We have a defense mapping organization. It's an organization called National Geospatial Intelligence Agency. They map the rest of the world. The Geological Survey maps the United States and its trust territories. We've been doing it for more than 125 years, as I've said. And our 21st Century version of our mapping program we've given the banner the National Map. Under that banner there are eight digital databases that are listed there on the slide. I won't read them but they are the components that you would expect to find basically in a topographic dataset. And I will say we are republishing new topographic maps in digital form at a very rapid rate and I will say more about that in a minute.

14:57
The main mechanism for users to access those digital databases of the National Map is this new viewer geoportal platform. It's called the National Map Viewer. It was first released in December 3, 2009. It has been in beta since then. Today it goes out of beta and becomes our primary mechanism for accessing the databases of the National Map.

So with this geoportal you can access, visualize and download all of the digital data that we maintain as part of the National Map. And you can access and download digital topographic maps that have been assembled. For those who want easier to use product than pulling directly from digital databases, you can get those maps also from this viewer.

Just one quick word about where the viewer came from. This is built on an effort that our partner organization NGA, National Geospatial Intelligence Agency, built. And they call it Palantera within NGA. We have recorded that to our application or we use that for our application and save the taxpayer the expense of a government agency recreating a geoportal when one already existed in another agency.

16:21
I mentioned that we are redoing topographic maps. You may know that there are about 55,000 individual USGS topographic maps at a scale of 1:24,000 that cover the country. We call them either quad sheets based on the fact that they are quadrangles of 7-1/2 minute by 7-1/2 minute size or the 24,000 scale topo.

It's basically the signature product of our old mapping program. It was about a 50-year effort from about the 1930s to the mid 1990s to create all of the 1:24,000 scale paper topographic maps that we did, all 55,000. About 35 million person hours went into that effort. Since the '90s that analog database of topographic maps has been aging. And the average age of those in the warehouse today is about 30 years old. That's an old map.

17:17
So we instituted a process of creating new digital topographic maps that went operational in May of 2009. And it is based on pulling data from our digital databases of the National Map in a pretty automated fashion, assembling them so that it looks like a topographic map and publishing them in GeoPDF, making those GeoPDFs available for free over the Internet from nationalmap.gov or from the USGS Store homepage. And that's what we've been marching on with.

This is an example of what a GeoPDF map looks like. You will notice it has an image as the base, which is new. The old topo maps with very exceptions did not have an image as its base. That image is from the program that has an acronym in the first bullet there. It says, "Three-year revision cycle following NAIP." That's the National Agricultural Imagery Program and very important to our program. It's a program that collects leaf-on imagery for the conterminous 48 states on a three-year cycle.
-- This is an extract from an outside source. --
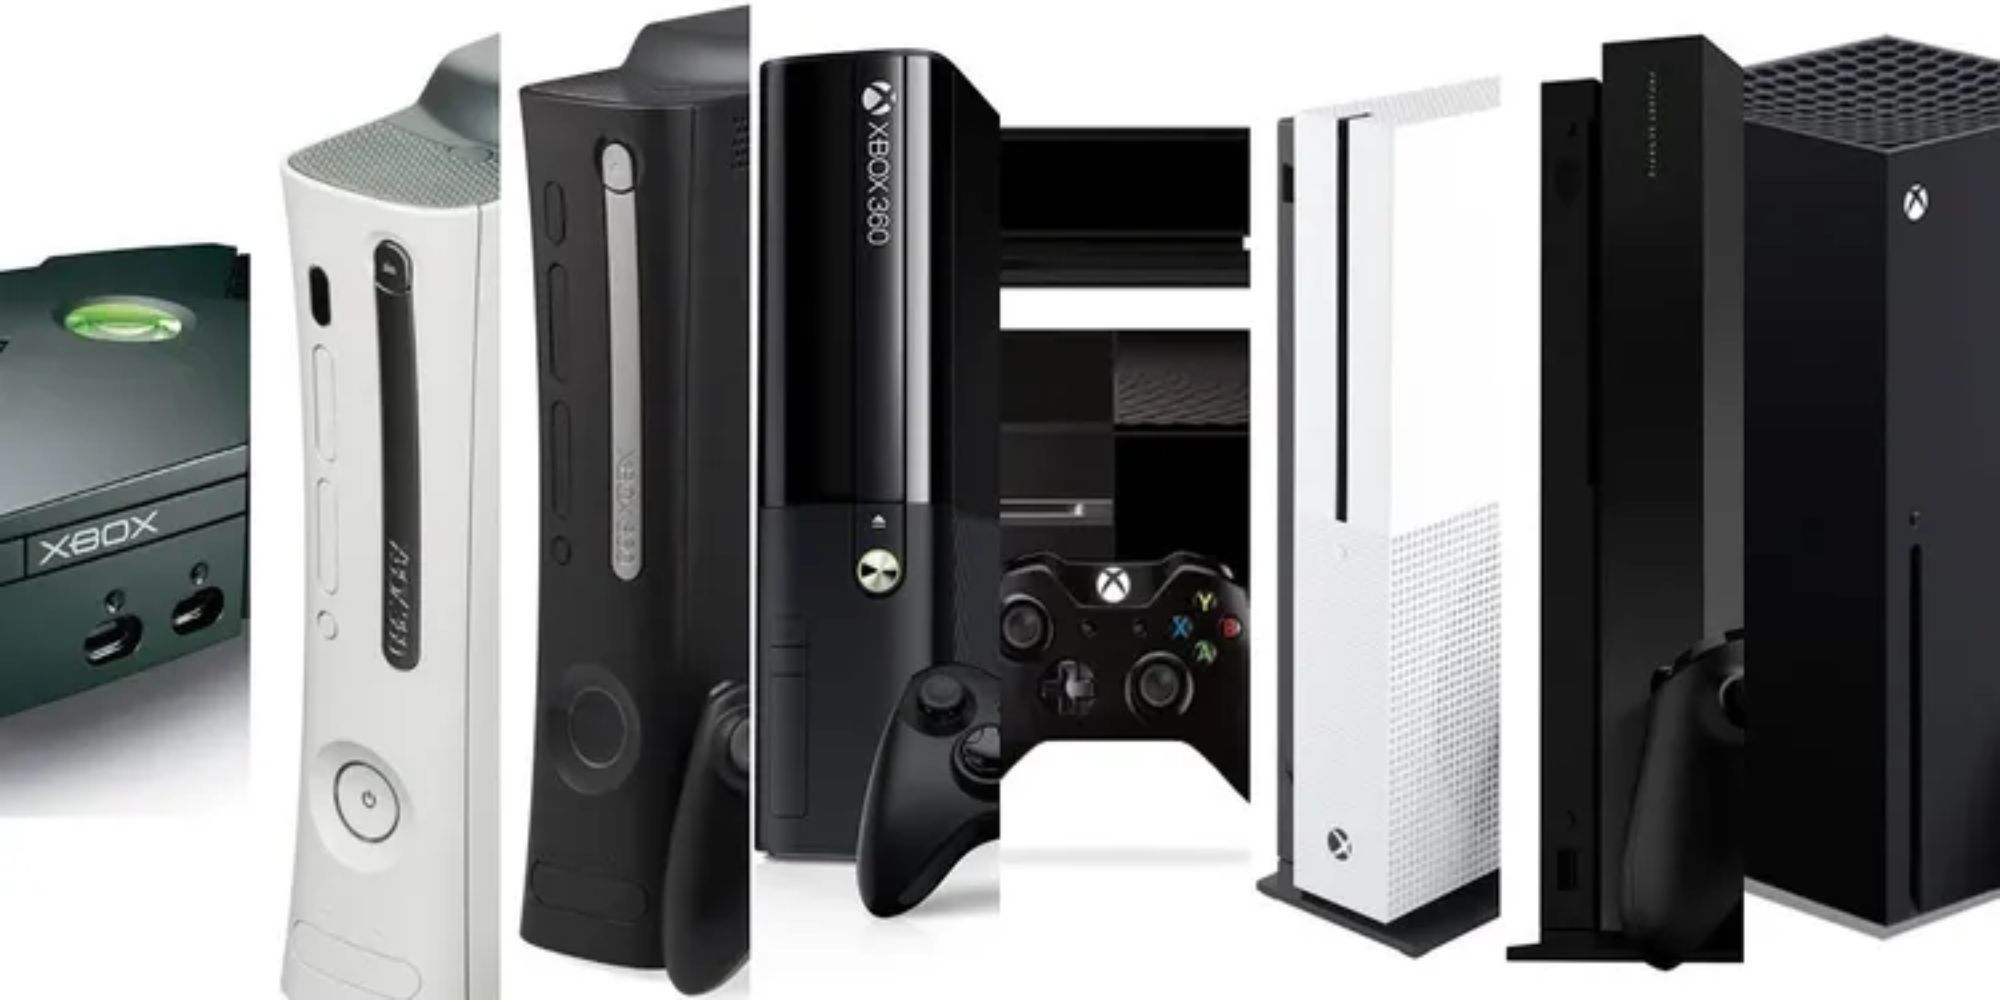 Einde Duidelijk maken Uitleg 10 Rarest Limited Edition Xbox Consoles

So every three years every image is updated. And our map production plan follows that native cycle. So every three years we're updating every map.

18:42
This is a screenshot of a USGS Store where you can download these data or as I said you can get them directly from nationalmap.gov. Since April of 2010 we've created more than 20,000 of these new maps. They're up on this page for download for free. I'll just compare that to the best year USGS ever had when we were doing maps in an analog fashion in 1972. We had 3000 employees in the national mapping division. We created about 2500 maps that year. Since May of 2009 we've created 20,000 of these new digital maps with about 20 people. It's a far cry from our old production cycle.

Why does the data of the USGS matter? This question really is being asked in light of some of the other data portals that are out there. People say, "Well we've got Google. Why do we want the USGS national map when we've got all these other portals?" The USGS provides authoritative, accurate data upon which government decision makers can rely and emergency responders and others who are in the business of saving lives and property can rely.

19:58
And this is an example of that, our National Hydrography Dataset, which covers all the surface water network of the United States and is a very sophisticated database with flow direction encoded so you can do hydrologic modeling. And it's linked to our stream gauge network. USGS has over 7000 stream gauges that are telemetered to satellite and then brought down to servers and resting on an every 15-minute basis. So it monitors the flow, velocity and volume in the entire stream network.
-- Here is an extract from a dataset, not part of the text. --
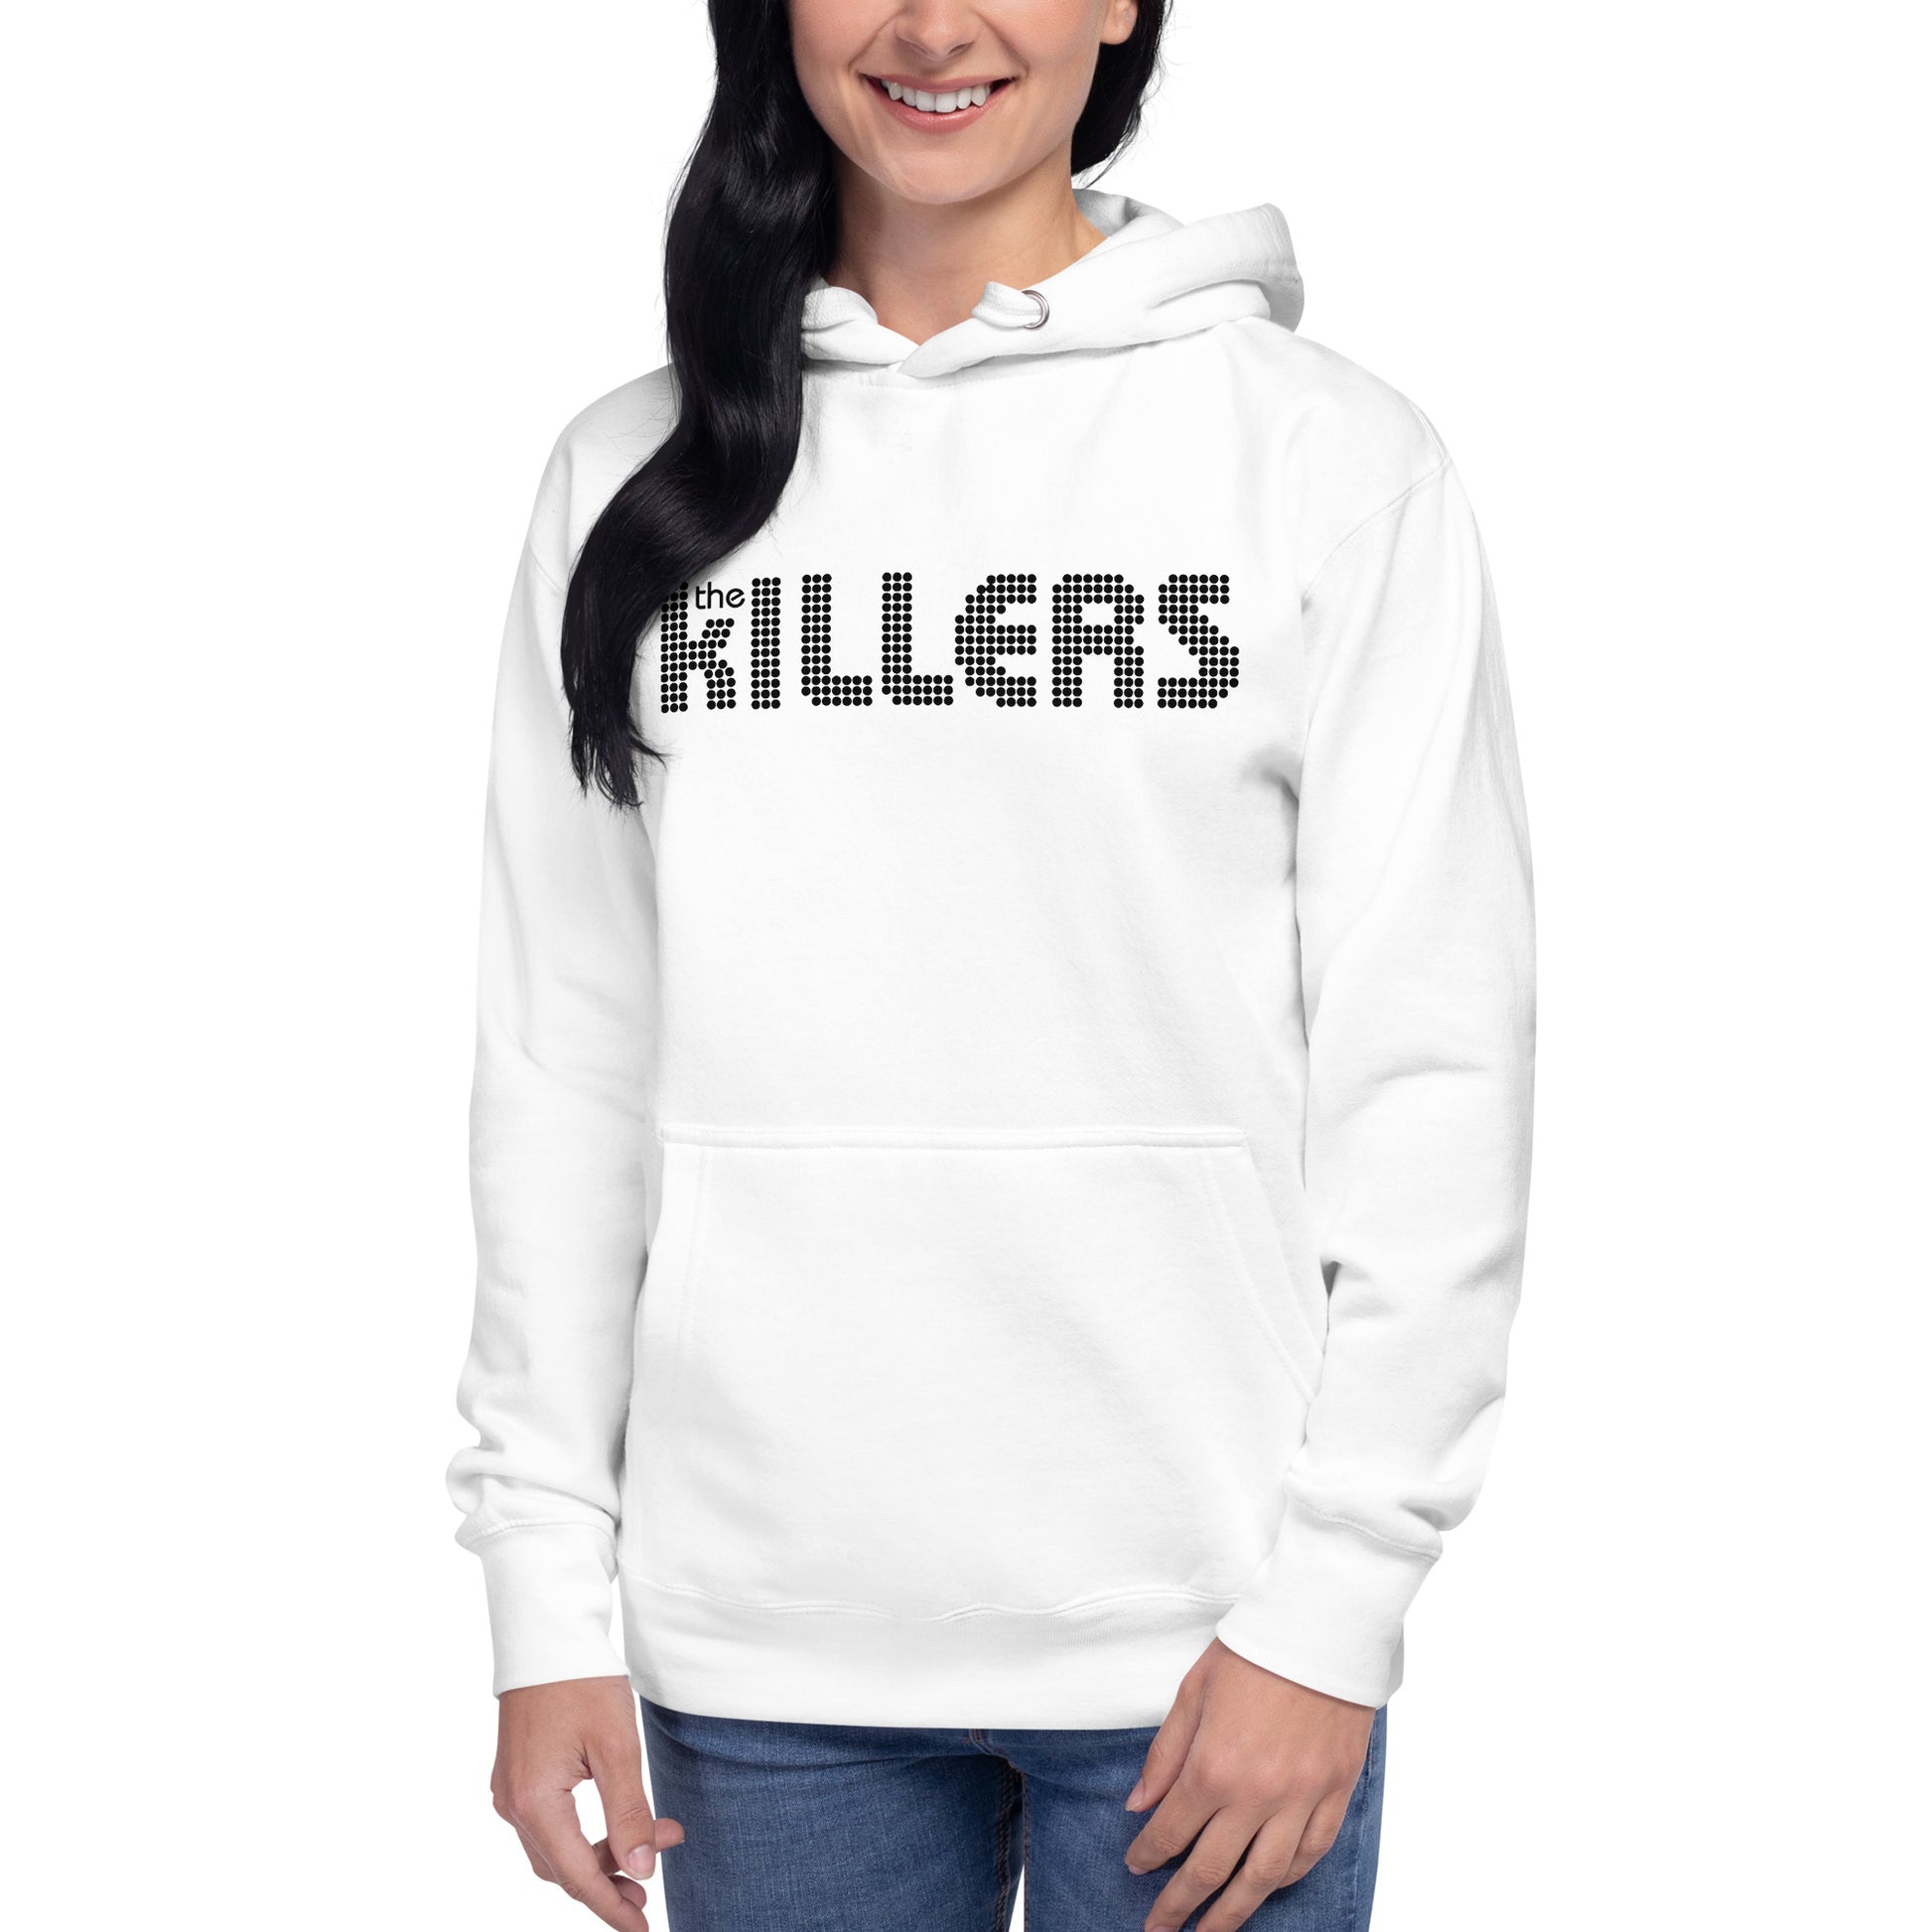 Hoodie The Killers, Disponible en la mejor tienda online para comprar tu merch favorita, la mejor Calidad, compra Ahora en Superstar!

So with those two pieces of capacity in place, this application has been developed which is called the Incident Command Tool. What it does is allow emergency responders to model the time interval between when a contaminant is introduced into the water network and when that contaminant will reach a drinking water intake which we have those mapped. So obviously very important in the event of a contaminant spill or even a terrorist attack. It was conducted on a water-salt network. This would be a key way of managing that. And it couldn't happen without the National Hydrography Dataset, a part of the National Map, as its base.

21:13
So where are we heading in the future? We are revitalizing the topographic mapping program. We are very interested in leveraging the nexus between the new social media that is so prevalent in everyone's lives now and the fact that geospatial capabilities are being coupled with those social media. So it offers an opportunity to really expand citizen mapping, bringing volunteers into the mapping program.

And we hope to continue to ignite a passion for mapping among our citizens. And I have Thomas Jefferson's picture up there not just because he started the Public Land Survey System in 1785 which he did but also because he said something that is absolutely true today, as true today as it was then. He said information is the currency of democracy. And we believe in the Geological Survey that geospatial information is a key component of that currency of democracy. We believe citizens who are very well aware of their geography and their environment are going to be better able to participate in our democratic system of government. So we think we have a role there to help in that.

22:25
And in closing I'll just put this up. It's an interesting cartographic curiosity no one from the USGS is allowed to offer an opinion. But if anybody else knows what this is, I'd be curious to see.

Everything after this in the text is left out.